Vocês chegam à vossa rua às 23h30, estacionam o carro, fecham tudo e vão para casa descansados. Vêem um bocadinho de TV, entretêm-se e vão para a cama. E por volta das 2h da manhã, quando não há vivalma na rua, começam a ouvir um apito contínuo.

Será um alarme? Serão os bombeiros? Será o super-homem?

Levantam-se para ir à janela ver do que se trata. Mais do que um apito ou alarme, começam a perceber que parece uma buzina de carro. 
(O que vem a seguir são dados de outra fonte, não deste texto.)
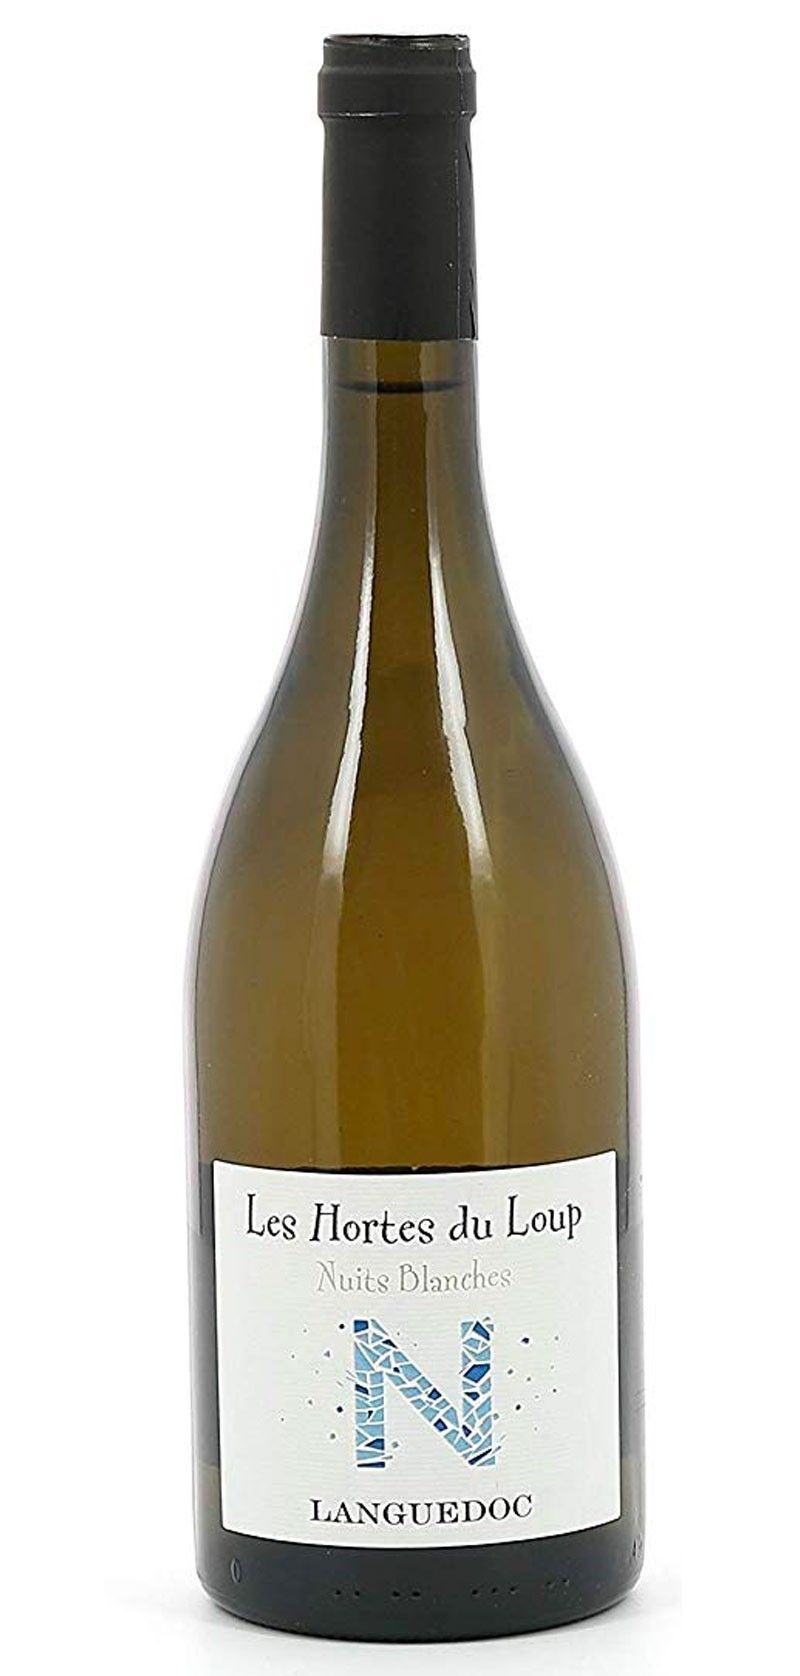 Les Hortes du Loup Nuits blanches Languedoc - Vin Blanc

Mas não há ninguém na rua...

O estacionamento está cheio de carros e o barulho vem de lá, um som de buzina forte e incessante, ainda que não se consiga perceber exactamente de onde. Não há ninguém nos carros. Nem nas janelas a espreitar, aparentemente. A rua está o mais calma possível, à excepção daquele som intenso e contínuo que atravessa a noite. Durante mais de 10 minutos tentam descortinar de onde virá. Apercebem-se de um vizinho que desce à rua para verificar se é o seu carro, mas não vêem mais movimentações. O barulho não pára e pouco fraqueja, mesmo depois desse tempo.  

Mas como é que é possível? Não pode ser, não há ninguém! Será o meu carro? Pode ser qualquer um...  Será o meu..? E se for o meu? Naaa, não é possível, não está lá ninguém, eu saí do carro há mais de duas horas, como é que ele ia começar a apitar sozinho... Ele já apitou sozinho mas era comigo lá, que ficou com a buzina presa, agora assim... Naaa, não pode ser...

Na indecisão, o Apêndice toma a iniciativa e desce para verificar de onde vem o som.

E agora adivinhem qual era, precisamente, o carro que começou a apitar sozinho às 2h da manhã de um domingo/segunda-feira com uma bela intensidade durante mais de 15 minutos.

Pois.

Esse mesmo.

O meu.

Lá foi o apêndice ao ferrari e bastou abanar um fiozinho de nada depois de abrir o capot para a coisa se calar.

Excusado será dizer que, definitivamente, a minha máquina infernal passou de Herbie a Christine

Está vivo. E eu comecei a ficar com medo de lá entrar e ser engolida pelo banco, atacada pelo volante ou estrangulada pelo cinto. Ou qualquer coisa do género.



* No seguimento disto

Ainda ninguém se deu ao trabalho de comentar...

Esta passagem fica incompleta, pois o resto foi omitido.